Why We Can't Accept De Facto School Segregation
Student achievement at majority-minority schools is critical, but we should put equal energy into creating effective, integrated campuses.
After the historic election of America's first black president, Barack Obama, one would think racial segregation would be on the decline. But the reality is that segregation is alive and well in America: The Brookings Institute reports the average white family lives in an area that is 79 percent white, while the average black family lives in a neighborhood that is 46 percent black. And while Latinos comprise only 15 percent of the population, fully 45 percent of their neighbors are also Latino. Despite the fact that the U.S. population will shift from majority-white to majority-minority by 2042, our kids are still growing up in neighborhoods where the concept of the "melting pot" is foreign.
This is equally true in schools as it is in neighborhoods. The National Center of Education Statistics says that 52 percent of black students and 58 percent of Latino students attend schools where 75 percent or more of students are minorities.
Over the last decade, a subset of educators have been working on building "90/90/90 schools"—90 percent low-income, 90 percent minority, 90 percent proficiency on achievement. This is extremely important work, providing access for students to attend a high-performing school in their own neighborhood, and I applaud the efforts of many of my colleagues across the country, who have unequivocally proven that all students can achieve at high levels, regardless of background.
However, we must put equal energy into creating integrated school models that bridge the racial chasm that exists in our public schools today. Martin Luther King Jr. once said about segregation in churches: "It is appalling that the most segregated hour of Christian America is 11 o'clock on Sunday morning." One could say that today the most segregated 35 hours of a child's week could be the time she spends in school.

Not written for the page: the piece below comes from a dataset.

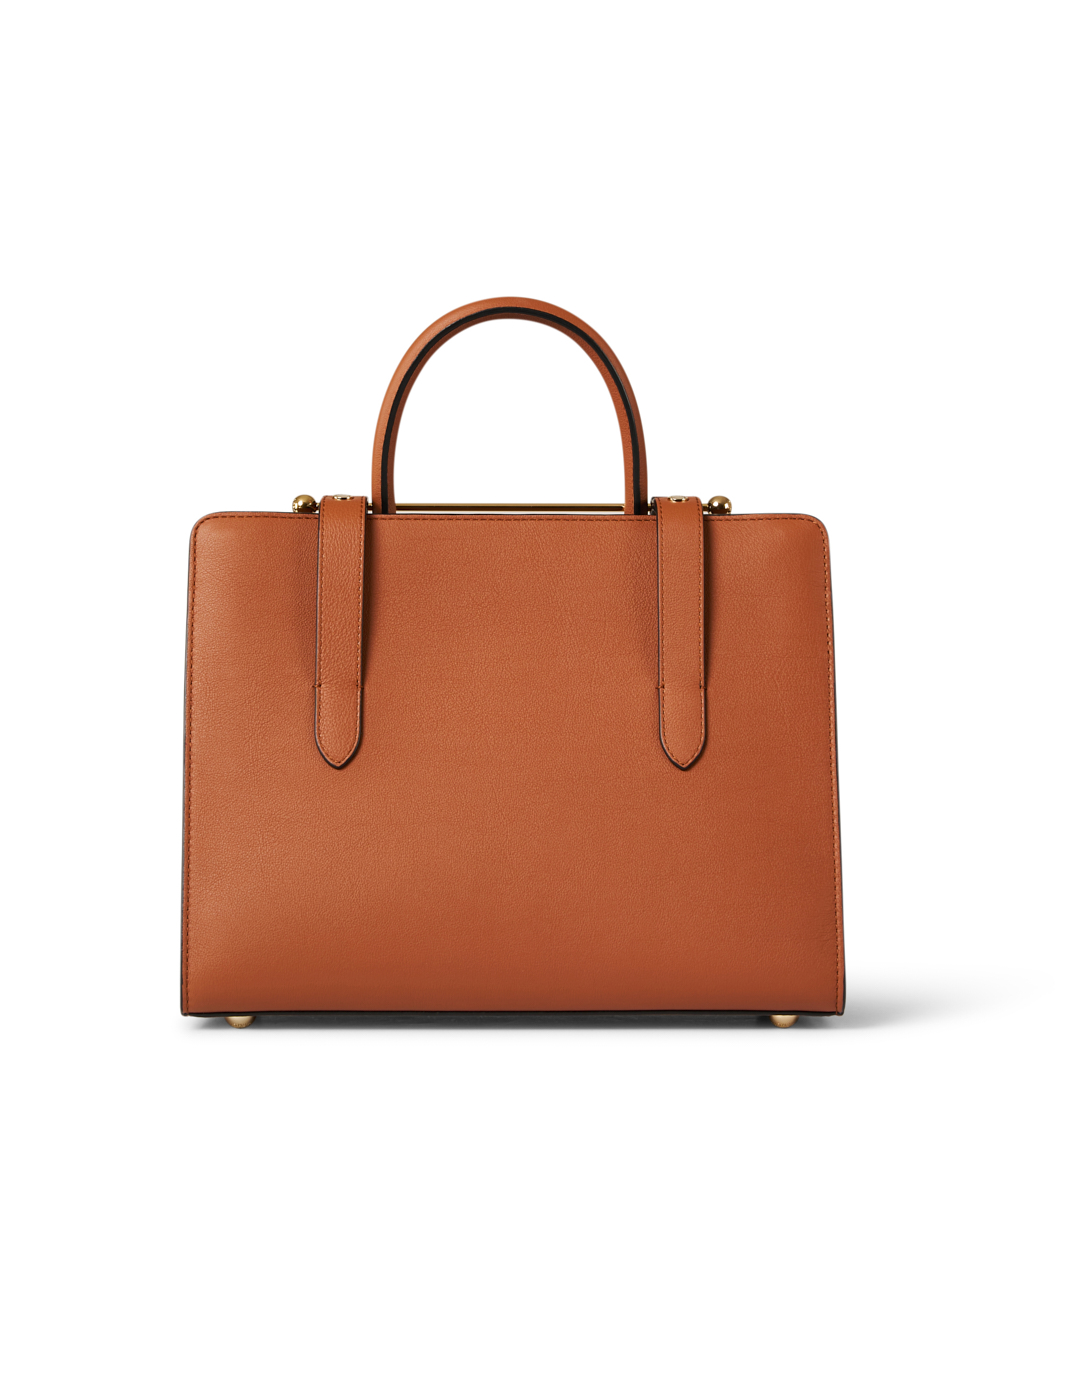 Strathberry Chestnut Brown Leather Tote Handbag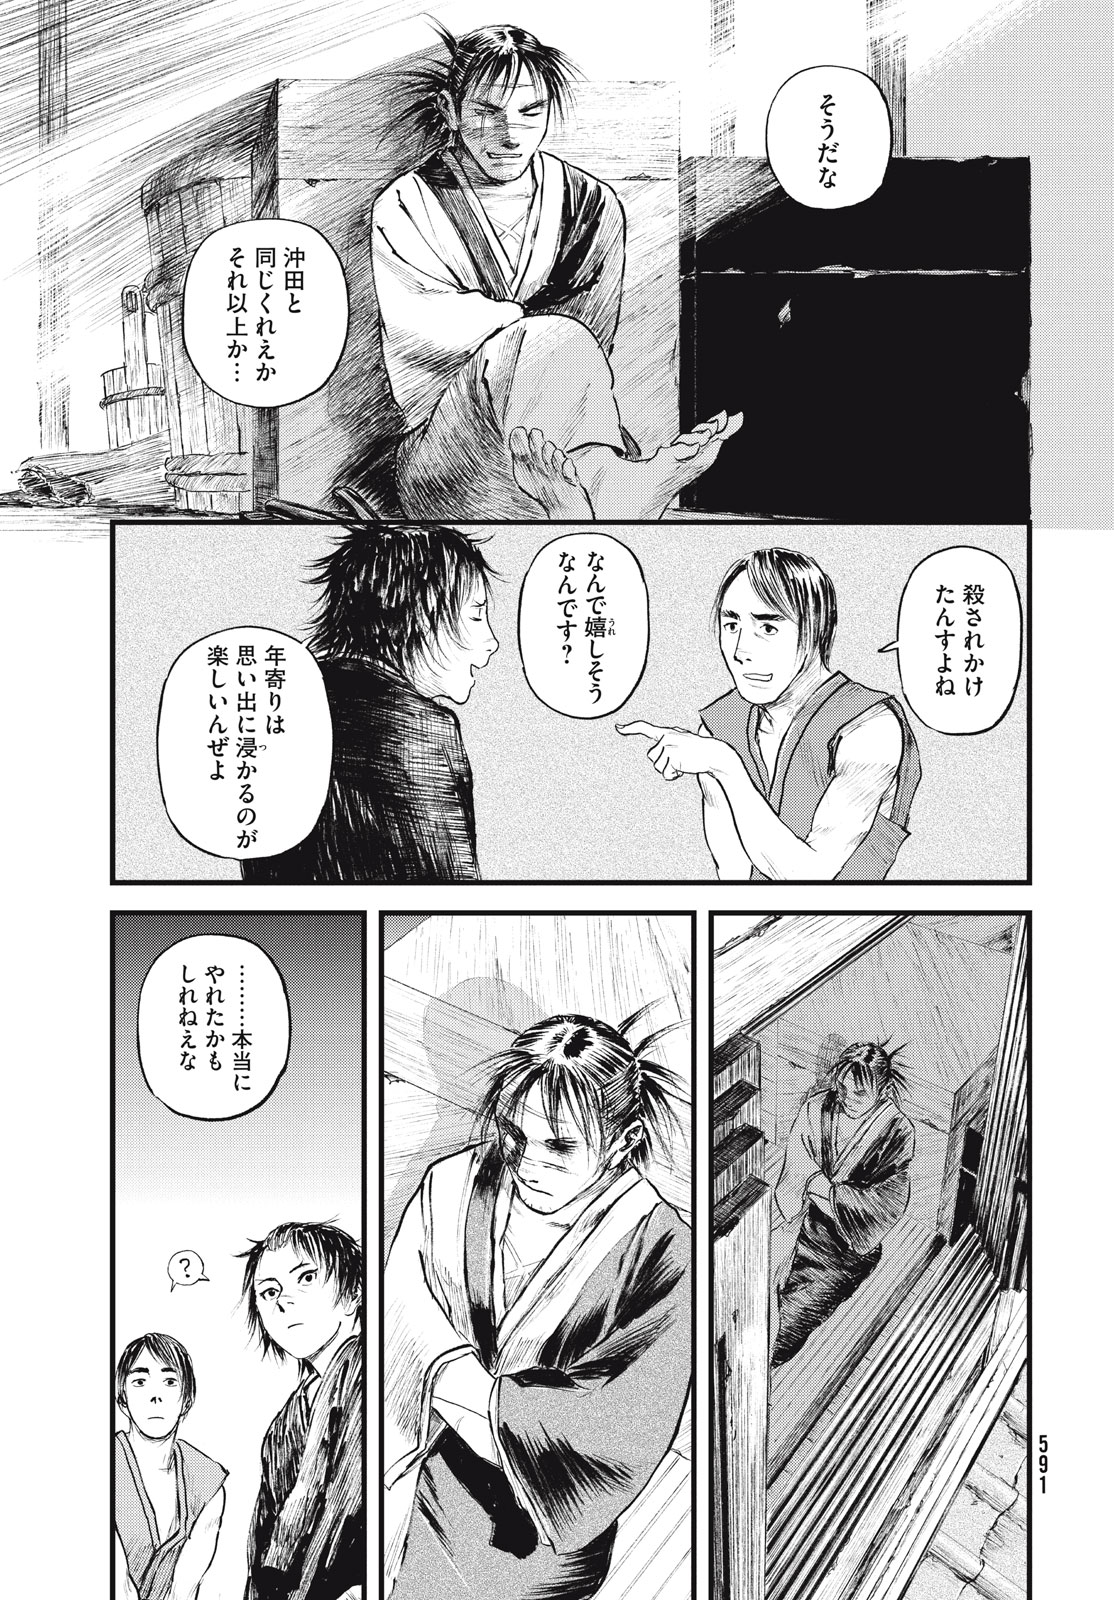 Blade of the Immortal: Bakumatsu Arc - Chapter 51 - Page 31

Desegregation policies, popular in the 1970s and 1980s as a tool to force integration, have largely failed. Both mandatory busing efforts, and more voluntary efforts like those in Wake County, North Carolina, have failed to generate staying power. In 1995, a judge ruled that Denver Public Schools could discontinue its mandated desegregation plan and send students to their nearest neighborhood schools. By the 2003-2004 academic year, 84 percent of Latino, 74 percent of black, 52 percent of Asian—but only 27 percent of White students—attended schools with more than 70 percent minority students. The inertia of segregated communities and ultimately segregated schools set in.
One of the most pressing questions in public education today is: In an increasingly diverse world, are we really adequately preparing students for citizenship in a minority-majority America? The answer is no. The efficacy of diversity curricula and tolerance programs pales in comparison to the efficacy of building understanding through living, working, and learning together in schools. Young people learn to appreciate and celebrate economic and ethnic diversity through experience in community and understanding peers from other backgrounds. Justice Thurgood Marshall wrote in one Supreme Court desegregation case, "Unless our children begin to learn together, then there is little hope that our people will ever learn to live together." He couldn't be more right.
Our soon-to-be majority-minority country deserves better. While student achievement continues to be the larger factor impacting our country’s education system, taking on the segregation of American school children demands increased awareness and a new set of solutions.